Nutrition Research: What Can Studies Tell Us?
Introduction

The public is increasingly interested in the relationship between diet and health (1,2). This interest is driven in part by media reports of new diet-health findings from single studies. However, findings from single studies rarely provide the final answer and can lead to contradictory advice. This situation contributes to Americans' confusion about how food choices influence their health (1-3).

Part of the public's confusion about diet and health may be explained by their unfamiliarity with and unrealistic expectations regarding the nature of nutrition research.

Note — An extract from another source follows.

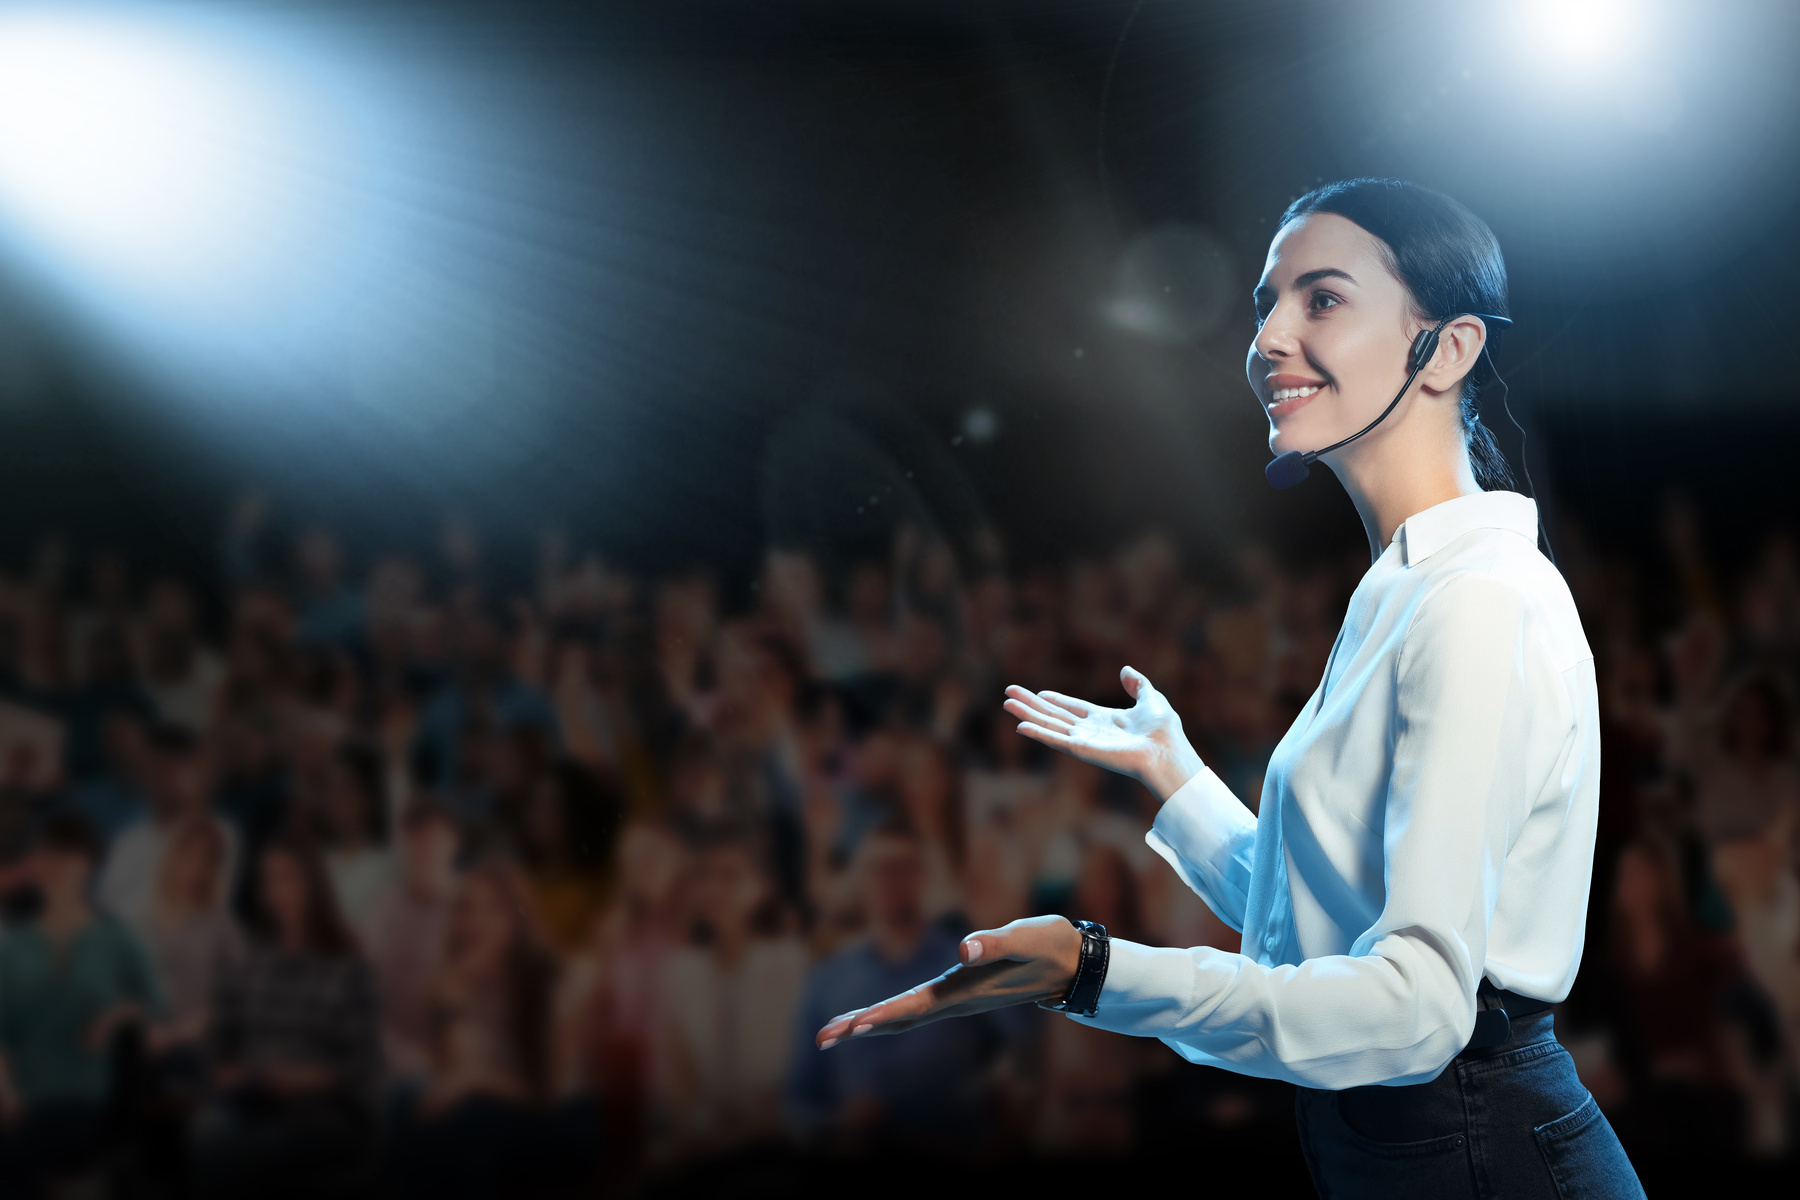 Motivational Speaker with Headset Performing on Stage

The public may fail to appreciate that findings from a single study are rarely definitive; that the scientific process is not always linear or predictable; that findings from some types of research studies carry more weight than do others; and that biases, confounding factors, and measurement errors in dietary intake can influence study outcomes and their interpretation (4,5,6a). For example, findings from observational epidemiological studies suggest a simple correlation and can generate hypotheses, but they cannot establish or disprove a causal relationship (7-11). In contrast, well-designed, randomized, controlled clinical trials are considered to be the "gold standard" in terms of providing strong evidence for a cause and effect relationship between diet and health (4,7,10,11).

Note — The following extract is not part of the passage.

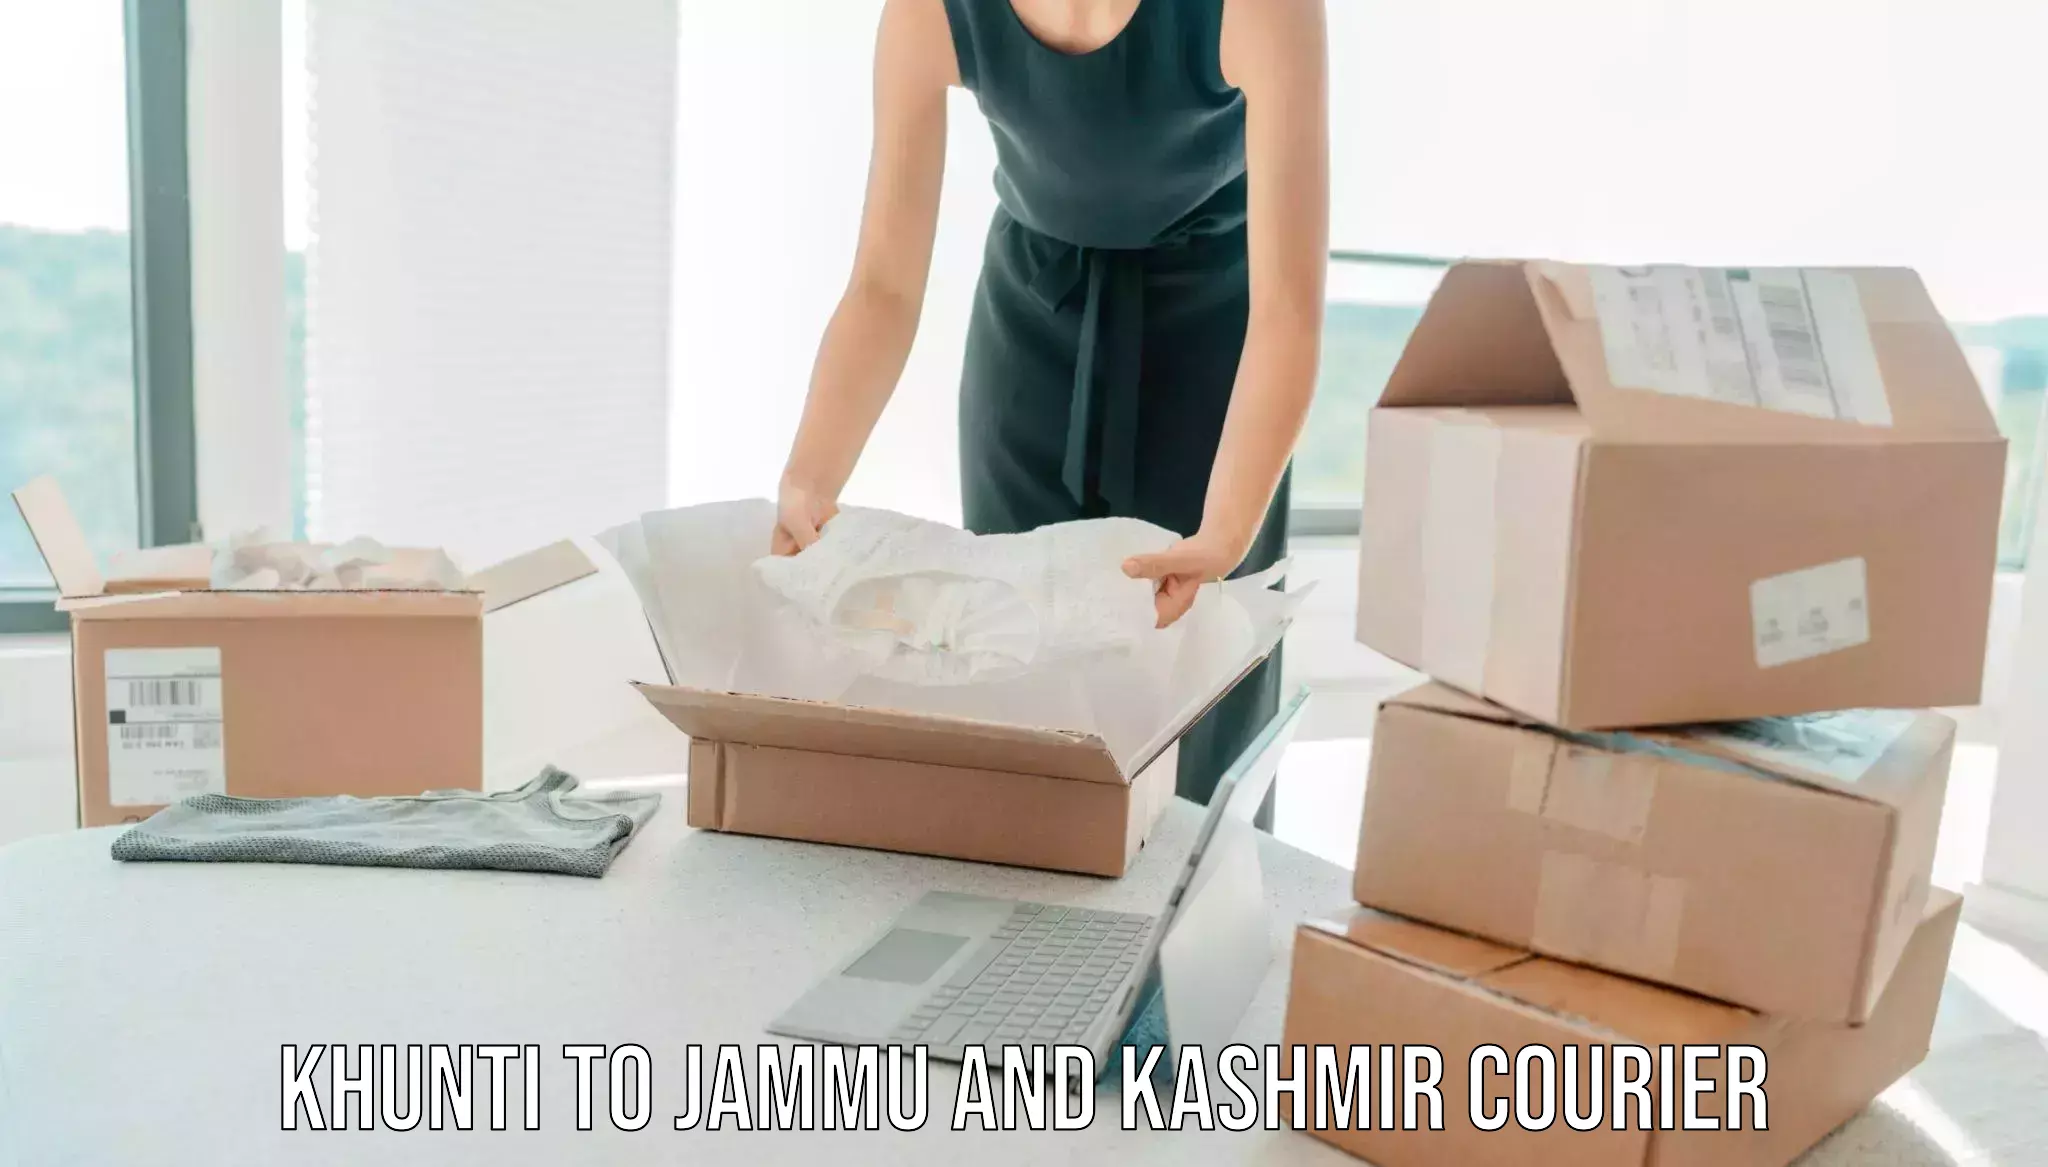 Professional home movers Khunti to Baramulla

Understanding the strengths and weaknesses of different types of nutrition research studies can help health practitioners put contradictory diet-disease findings into perspective, alleviate the public's concerns, and provide appropriate advice about what to eat for good health.


The study of diet-disease relationships is challenging given the complex and changing nature of the diet, including limitations in methods for evaluating dietary intake, and the multifactorial etiology of chronic diseases such as osteoporosis, hypertension, heart disease, and cancer (2,7,8). In addition to the dietary component being studied, other dietary factors as well as a number of other lifestyle and genetic variables influence chronic disease risk (2,7,11). Further, many chronic diseases have a long latent period during which changes in many factors, including diet, may occur. Because of these complexities, evidence for causality is most compelling when the totality of evidence or data from all sources - observational epidemiological studies and experimental investigations (e.g., randomized controlled trials, human feeding or metabolic, and laboratory animal studies) - is consistent and the association is biologically plausible (6a).

This Digest reviews various types of nutrition research studies, both observational epidemiology and experimental or controlled investigations and what the findings from these studies can and cannot tell us. Also, methodological considerations such as those related to dietary assessment are discussed.